--- Data ---
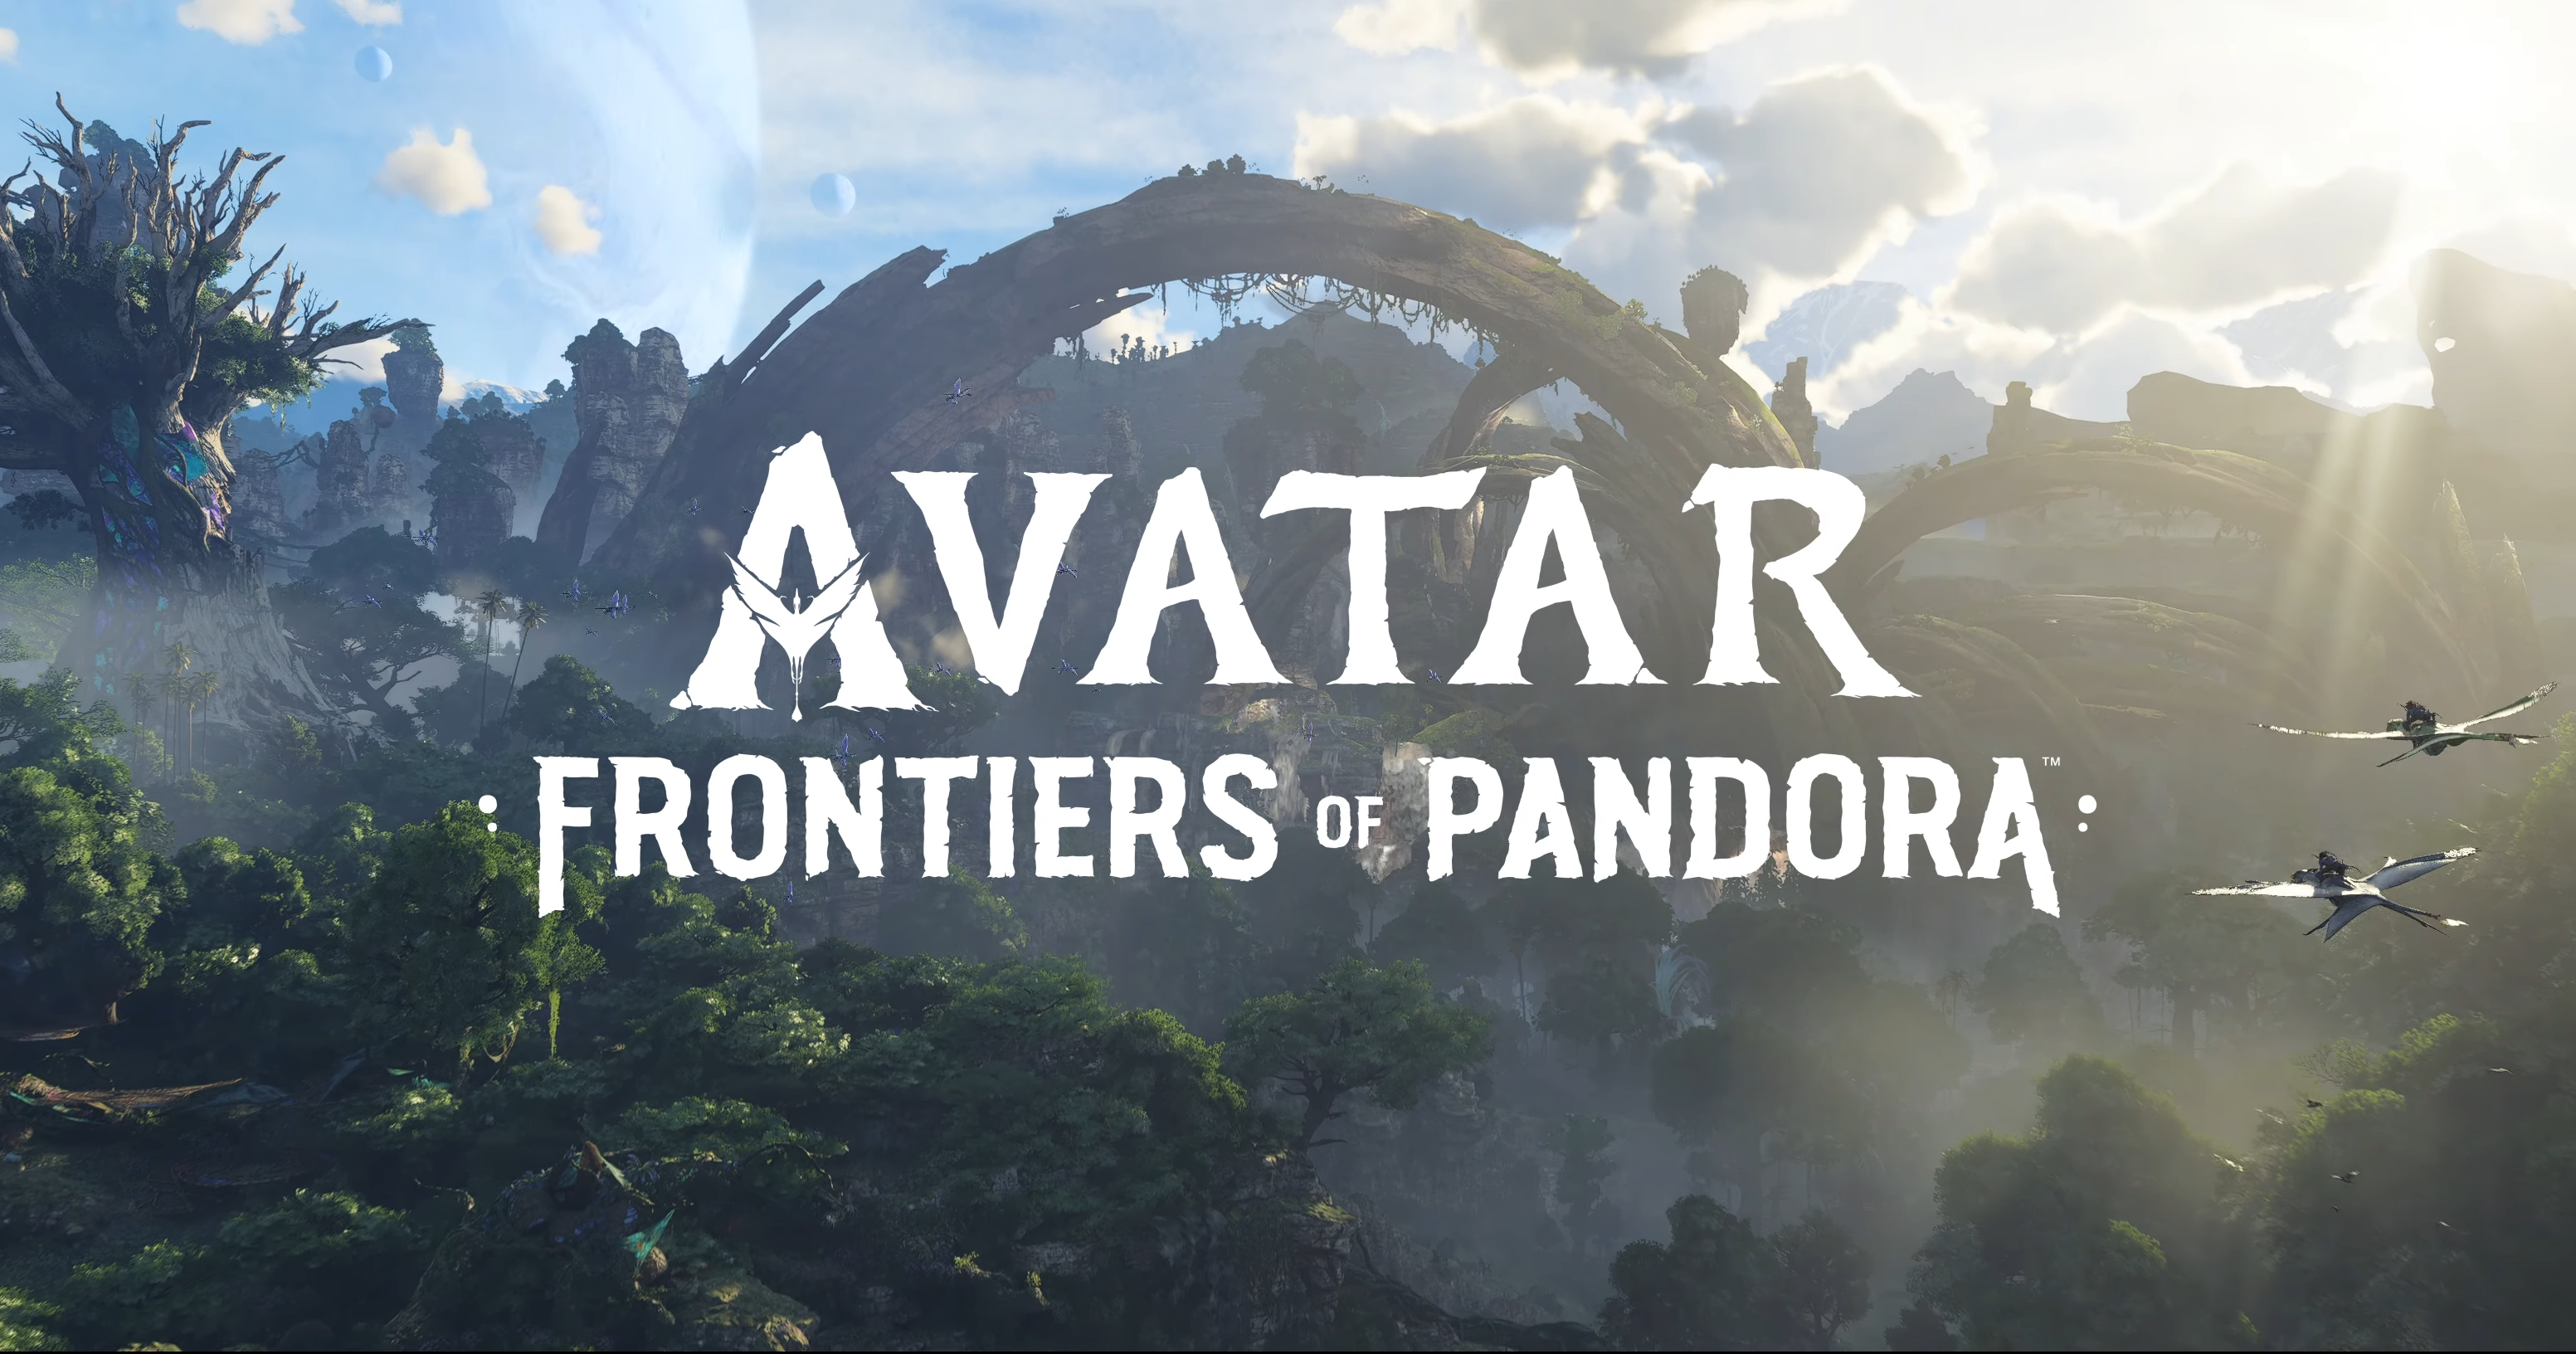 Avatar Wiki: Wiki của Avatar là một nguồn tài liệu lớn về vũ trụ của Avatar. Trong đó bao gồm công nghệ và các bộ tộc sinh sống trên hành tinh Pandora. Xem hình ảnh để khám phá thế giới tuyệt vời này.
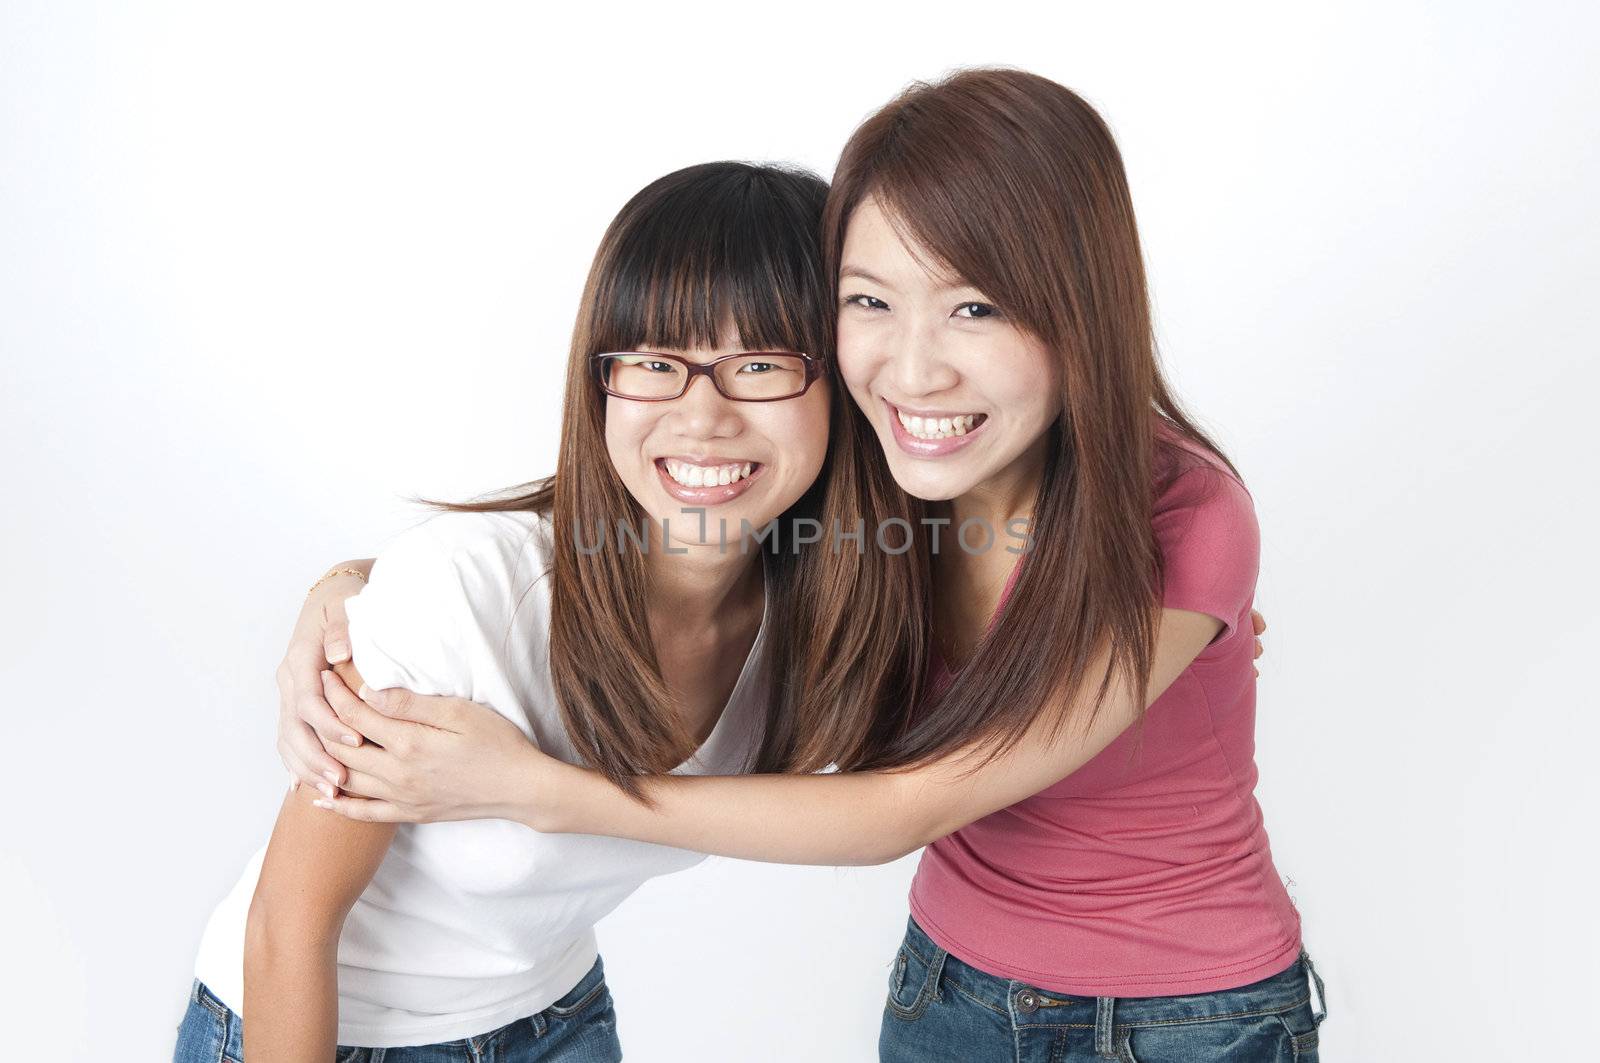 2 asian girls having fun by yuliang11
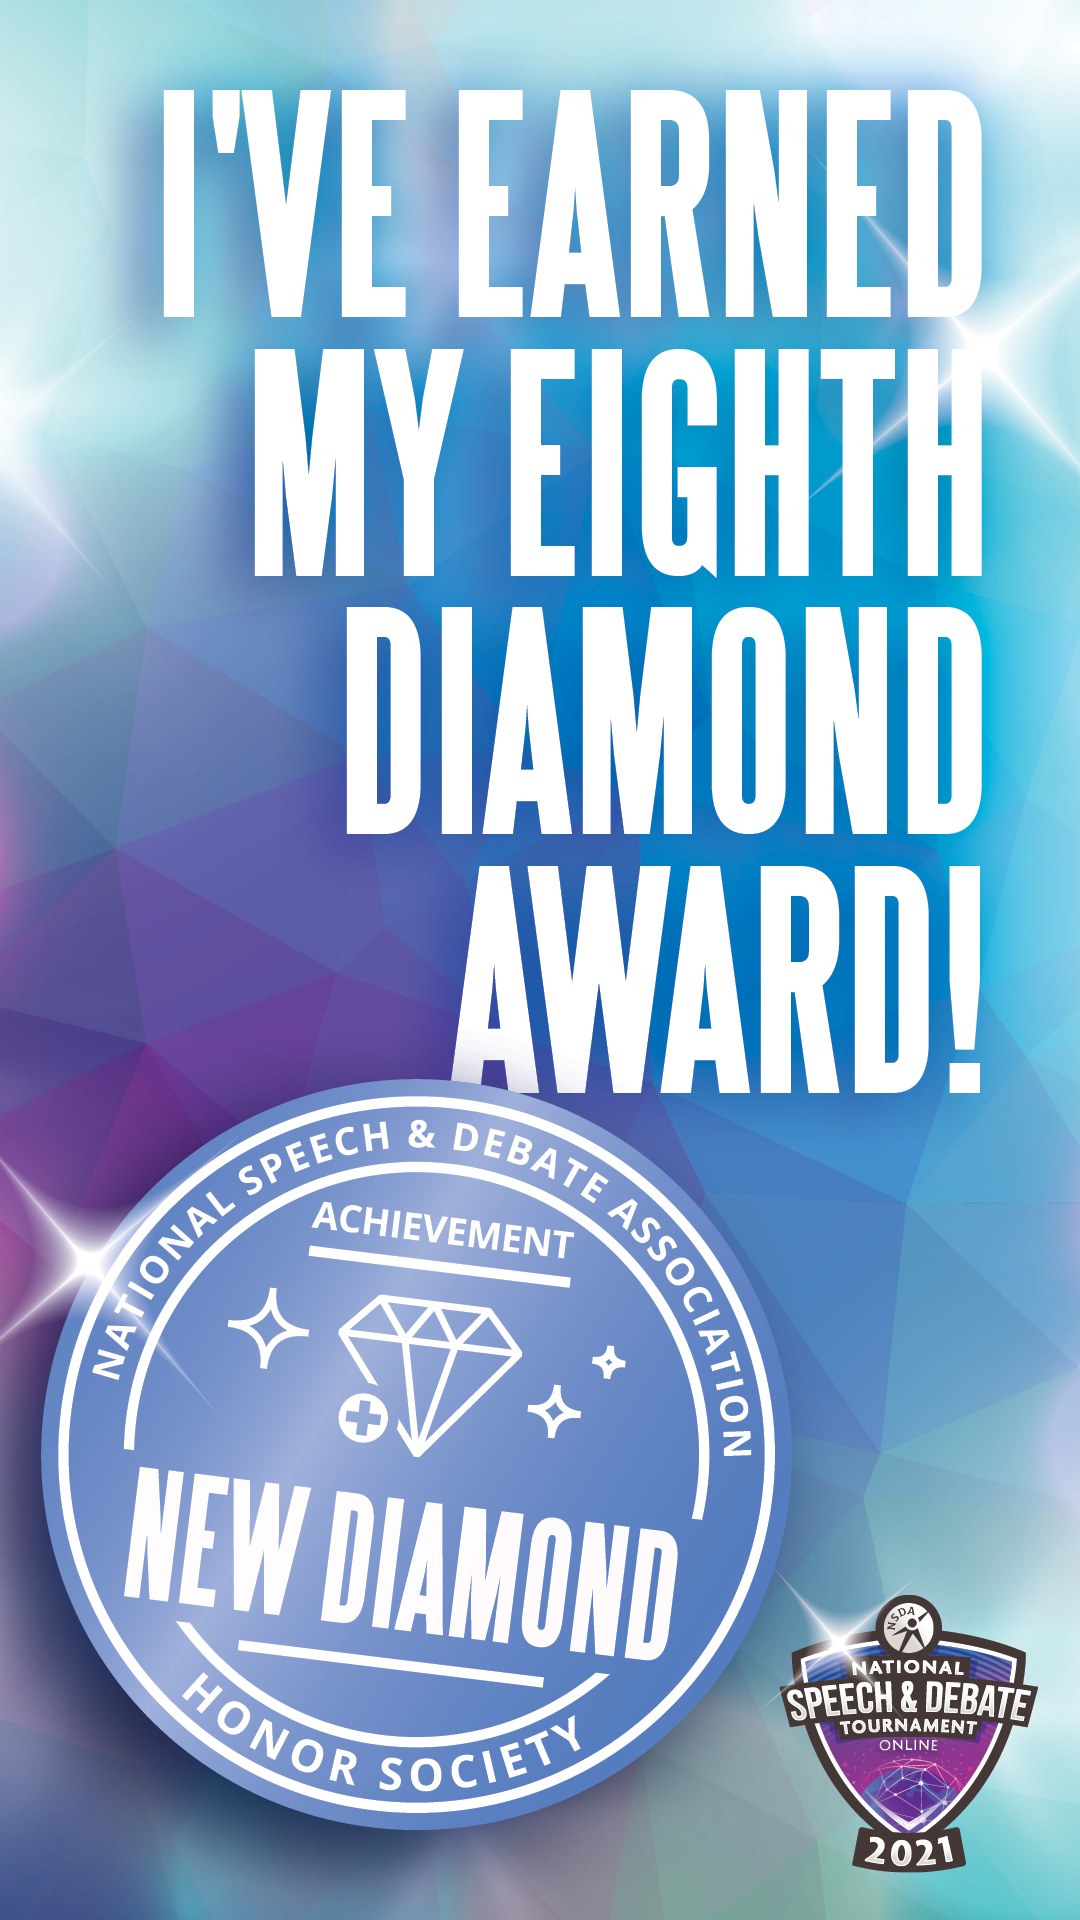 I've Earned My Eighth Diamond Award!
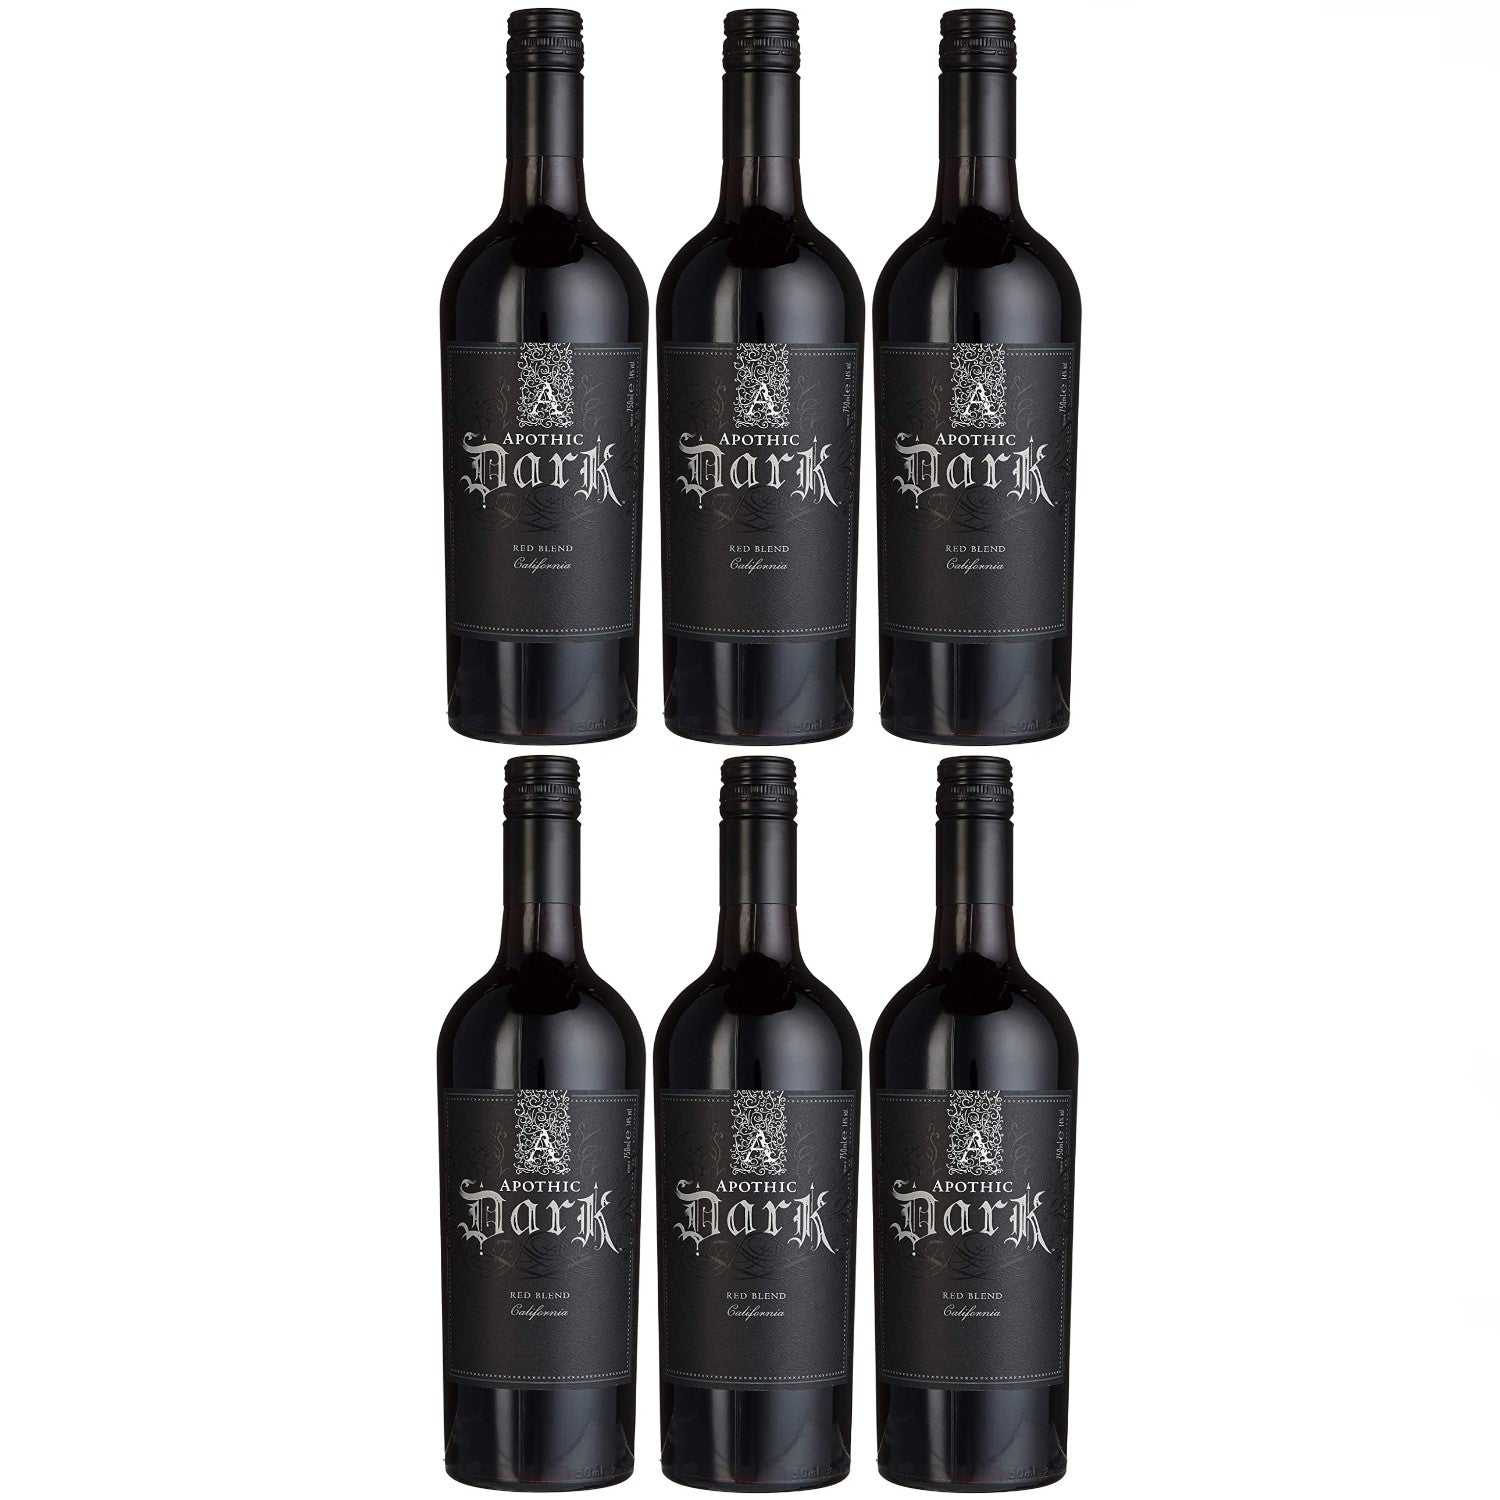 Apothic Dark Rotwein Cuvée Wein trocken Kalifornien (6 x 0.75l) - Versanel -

--- Your instructions ---
Copy every line of the data exactly as written, excluding the pictures.

--- Answer for the task ---
 Avatar Wiki: Wiki của Avatar là một nguồn tài liệu lớn về vũ trụ của Avatar. Trong đó bao gồm công nghệ và các bộ tộc sinh sống trên hành tinh Pandora. Xem hình ảnh để khám phá thế giới tuyệt vời này.
 2 asian girls having fun by yuliang11
 I've Earned My Eighth Diamond Award!
 Apothic Dark Rotwein Cuvée Wein trocken Kalifornien (6 x 0.75l) - Versanel -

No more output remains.